Während Weihnachten daheim etwas sehr Besinnliches und Gemütliches hat, herrschte hier eher Partystimmung. (Das ist natürlich etwas verallgemeinert). Schon die Natur leuchtet viel bunter: Blauer Himmel, grüne Pflanzen, rote Erde und auch die Dekoration ist weniger „konventionell“. Die Christbäume imitieren auf vielfältige Weise Tannen, von Plastikbäumen über Thujen bis zu zusammengesteckten Bananenblättern, und sind auch viel bunter und lauter dekoriert in allen Farben, mit glitzernden Lamettagirlanden und blinkenden, sogar singenden (!) Lichterketten.
Die Weinachtslieder sind eine Mischung aus traditionellen, klassischen und modernen Liedern, wobei der Hit „les anges dans nos campagnes“ („Engel haben Himmelslieder“) war. Mit rhythmischem, tanzbarem Beat versteht sich.
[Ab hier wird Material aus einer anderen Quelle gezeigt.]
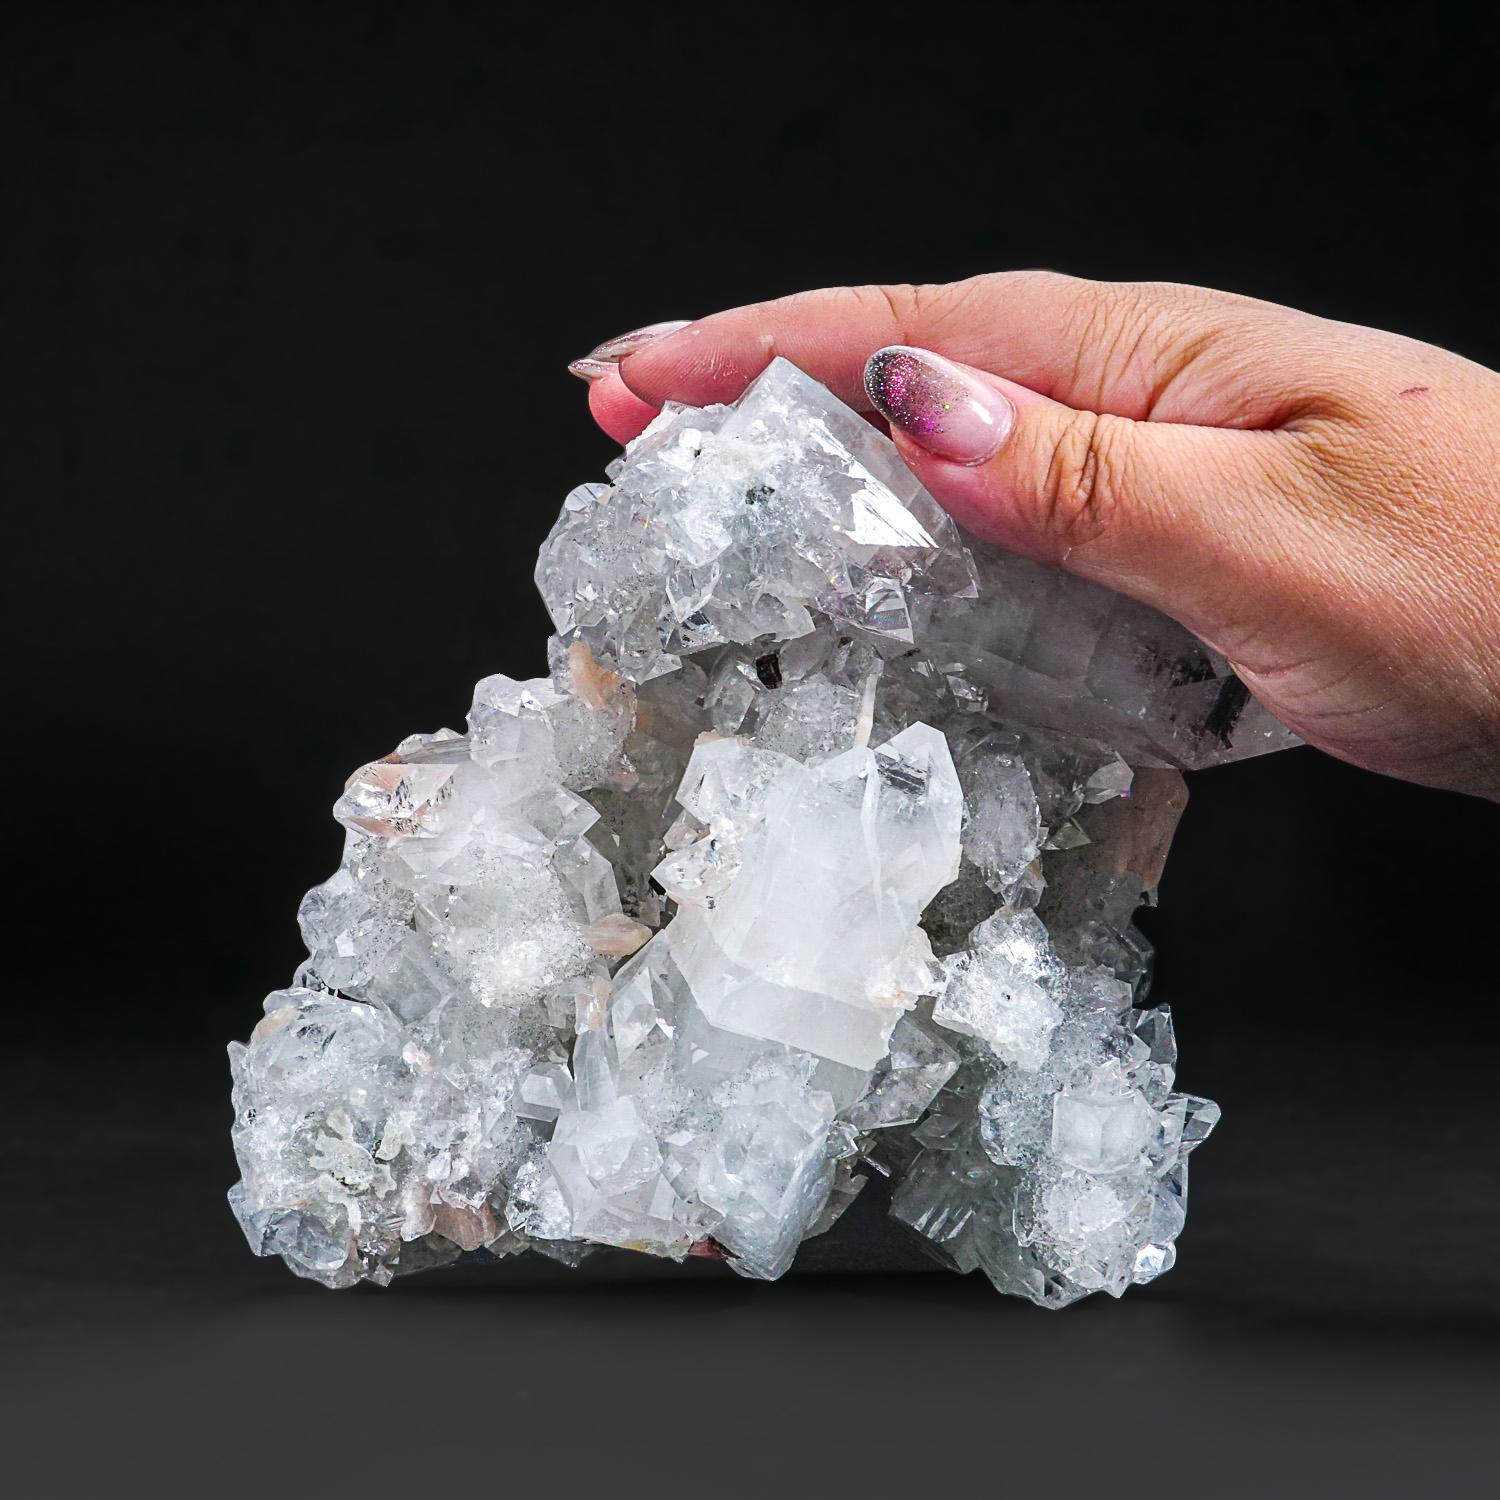 De Jalgaon, district d'Aurangabad, Maharastra, Inde Amas complexe et lustré de cristaux d'apophyllite transparents et incolores se recoupant, recouvrant entièrement des formations de quartz stalactitique. Les cristaux d'apophyllite varient de

Schon während den Messen wurde viel mehr getanzt und gejubelt und auch bei den Schwestern haben wir an Sylvester eine Dance-Party veranstaltet. Diese ausgelassene Stimmung – gerade in der Kirche – hat mir sehr gut getan. Einfach seine Freude auszulassen, herauszujubeln, zu tanzen, zu singen, ohne sich Gedanken machen zu müssen, war eine sehr heilsame Erfahrung.

Veränderung

Schließlich habe ich die Weihnachtsferien auch dafür genutzt, zu reflektieren und mir darüber Gedanken zu machen, wie es nach dem Freiwilligendienst weitergehen soll. Dabei ist mir aber auch bewusst geworden, wie sehr die Zeit hier in Oyem mich jetzt schon geprägt und gereift hat. Natürlich werde ich wieder mit meiner Familie Weihnachten feiern und die üblichen Traditionen erleben. Aber einmal herausgelöst aus dem Gewohnten, wird es unmöglich sein, wieder zurückzukehren zu dem Davor. Das gilt für Weihnachten, wo mir in Zukunft das ausgelassene Feiern, Lachen und Tanzen fehlen wird. Wo ich vielleicht aber auch die Stille und Besinnlichkeit neu schätzen lerne. Aber auch generell habe ich nicht nur einen räumlichen, sondern auch inneren Abstand zu meinem Leben in Deutschland gewonnen und werde viel Selbstverständliches ganz neu wahrnehmen, wenn ich zurückkomme. Manches kritischer, reflektierter, und manches mit größerer Wertschätzung.
Was mich selbst betrifft, bin ich in vielen Dingen mutiger und klarer geworden, hab aber auch meine eigenen Grenzen und Fehler deutlich zu spüren bekommen. Für diese Mischung aus neu gewonnener Demut und Stärke bin ich sehr dankbar. Wenn ich auf die kommenden Monate blicke, dann weiß ich jetzt aus eigener Erfahrung, wie ich auch an den unangenehmsten Erfahrungen wachsen kann. Und ich weiß auch, dass meine Ängste, Schwächen und Wunden in Deutschland und in Gabun dieselben sind und bleiben werden. Die werden hier nicht kleiner, genauso wenig wie meine Frustration darüber. Was aber wächst, ist meine Bereitschaft, meine Fehlerhaftigkeit zuzugeben, weil ich weiß, dass ich trotzdem liebenswert bin. Und dass die Menschen hier und auch Gott mir das vermitteln, das ist ein unschätzbar wertvolles Weihnachtsgeschenk. Danke!